The Multi Commodity Exchange of India Ltd (MCX) stock experienced significant volatility on Friday after the Securities and Exchange Board of India (Sebi) directed the exchange to postpone its planned migration to a new trading platform scheduled for 3 October. This delay was in response to a petition filed by the Chennai Financial Markets and Accountability (CFMA) before the Madras High Court.
MCX disclosed in an exchange filing that it had received a letter from CFMA via Sebi on 27 September, raising concerns about its migration to the new commodity derivative platform (CDP). The regulator informed MCX that the matter involved technical issues that would be discussed in the upcoming Sebi Technical Advisory Committee meeting. Meanwhile, Sebi advised the exchange to put the proposed Go-Live of CDP on hold.

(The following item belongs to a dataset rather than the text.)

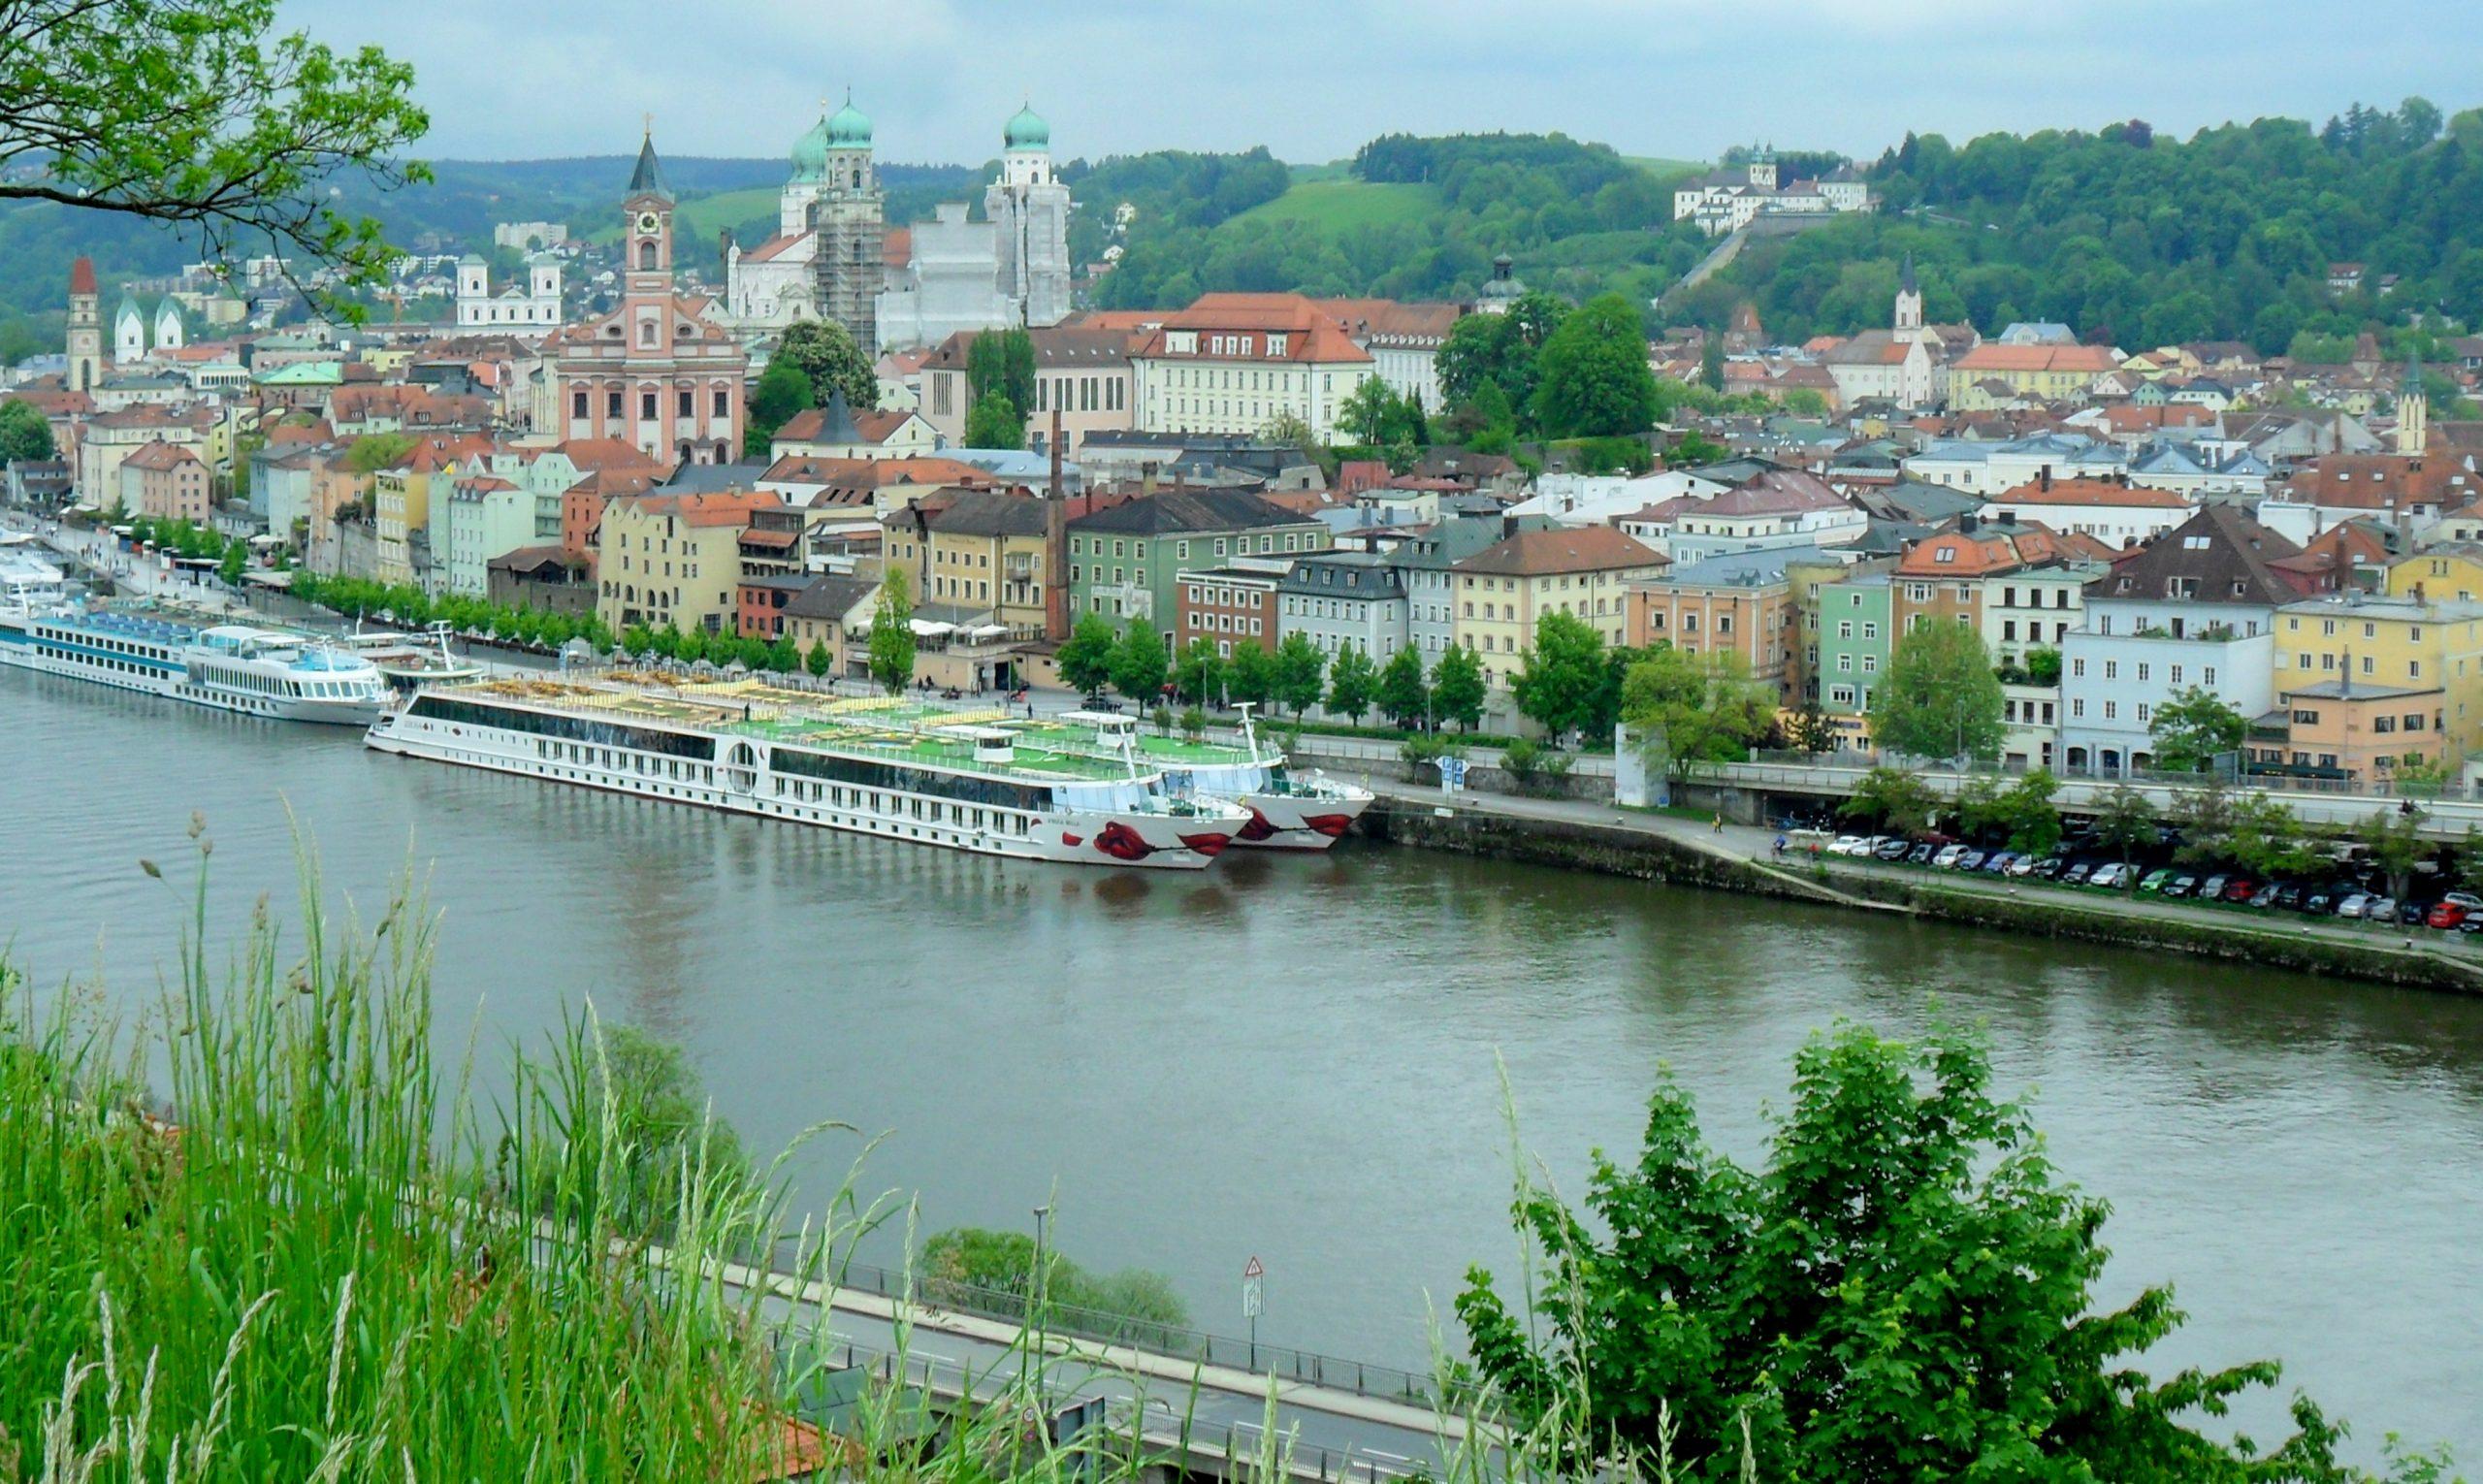 River near the city
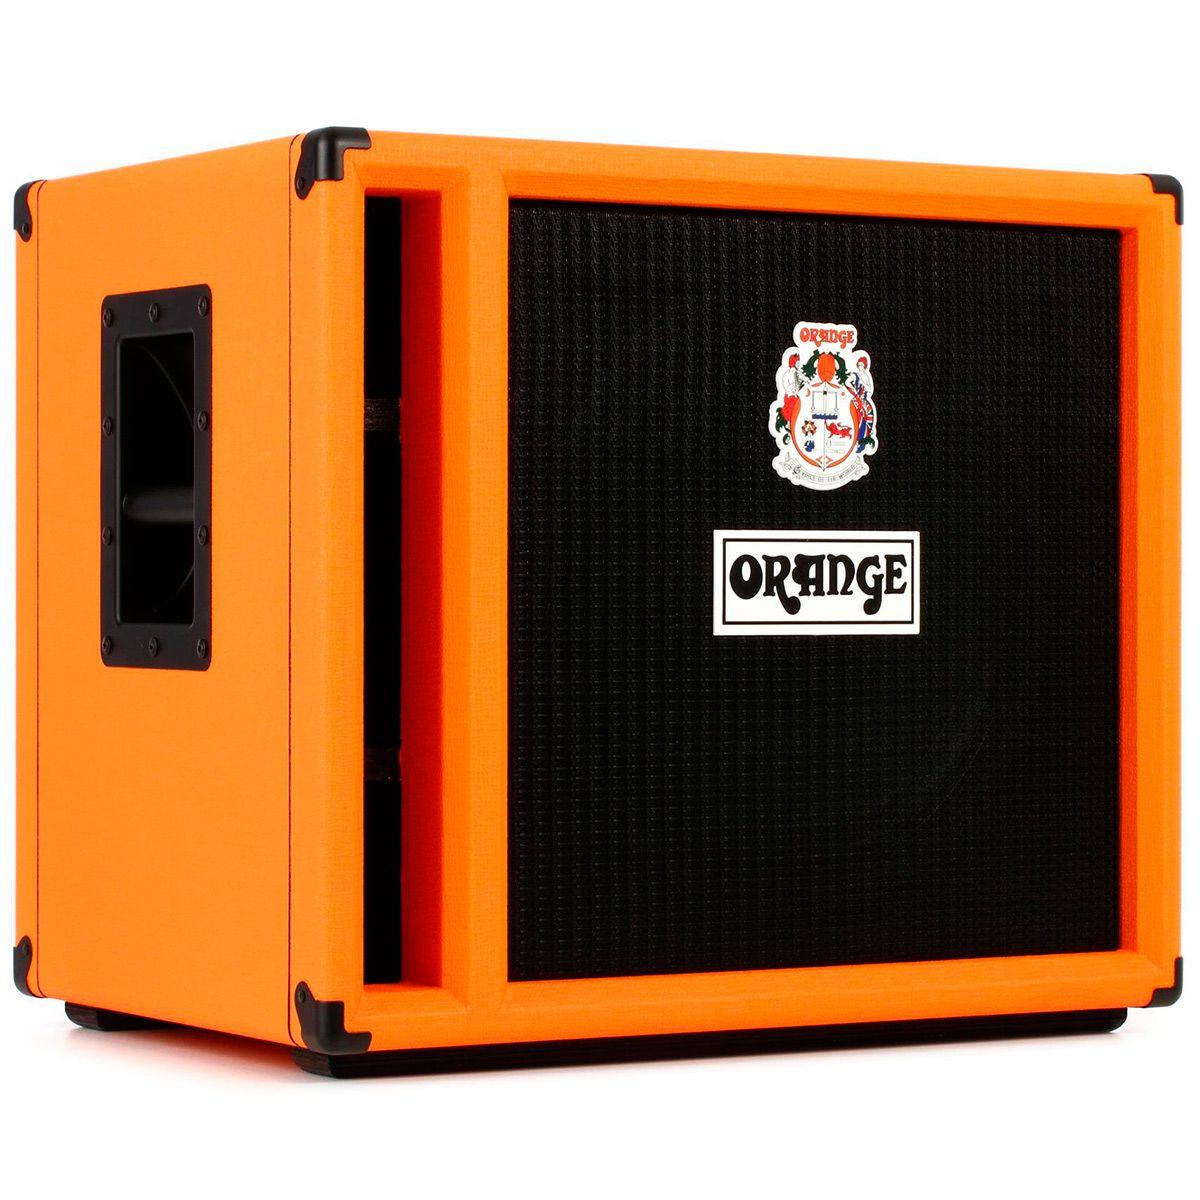 Gabinete Orange OBC210 2x10 300W para Contrabaixo

This news initially led to a sharp decline in MCX’s stock price, with it falling 8.7% to ₹1,913.25 during the first hour of trading. However, the stock gradually recovered from its lows and surged to a record high of ₹2,139.95 during the last hour of trading. Ultimately, the stock closed 2.2% lower at ₹2,049.70.
Sebi has instructed MCX and its clearing corporation, Multi Commodity Exchange Clearing Corporation Ltd (MCXCCL), to provide detailed comments on the issues raised by CFMA, along with supporting documents, by 3 October. These submissions will be evaluated by Sebi’s technical advisory committee.
The CFMA’s petition and Sebi’s directive have raised questions about the technical issues raised against the adoption of the Tata Consultancy Services Ltd (TCS) platform, which MCX had planned to migrate to. MCX officials have stated that they are not aware of the specific technical issues raised by CFMA.
The migration to the new platform had already been delayed by a year, during which MCX had to renegotiate contract extensions with 63 Moons Technologies Ltd, a Chennai-registered company. The contract with 63 Moons was initially set to run from October 2014 to September 2022 and included both fixed and variable cost components. However, the TCS platform was expected to offer cost reductions as it would have only a fixed component.
MCX paid ₹60 crore to 63 Moons in the first quarterly extension from October to December 2022, which increased to ₹162 crore over the next two six-month extensions. Ultimately, MCX renegotiated another six-month extension through December for ₹250 crore, leading to market dissatisfaction.
MCX had announced in June that it would try to migrate to the TCS platform before the contract with 63 Moons ended. It later confirmed on 19 September that it would go live with the new platform by 3 October. However, the CFMA’s complaint has further delayed the migration.
The recovery of MCX’s stock price from its daily lows suggests that the market is pricing in the expectation of a resolution to the issue. Analysts believe the stock could rise by another ₹200 to ₹2,250. The closing price of ₹2,049 is seen as a monthly breakout after two years, signaling uncharted territory for the stock.
Shyam Sekhar, the founder of ithought Financial Consulting Llp, emphasized that the migration to the TCS platform is a commercial decision that can result in significant cost savings for MCX. He expects the process to be expedited once Sebi’s relevant committee completes its examination of the technical issues raised by CFMA against the TCS platform.
The delay in MCX’s platform migration highlights the challenges and complexities involved in transitioning to new trading systems, especially when technical issues and contractual obligations are at play.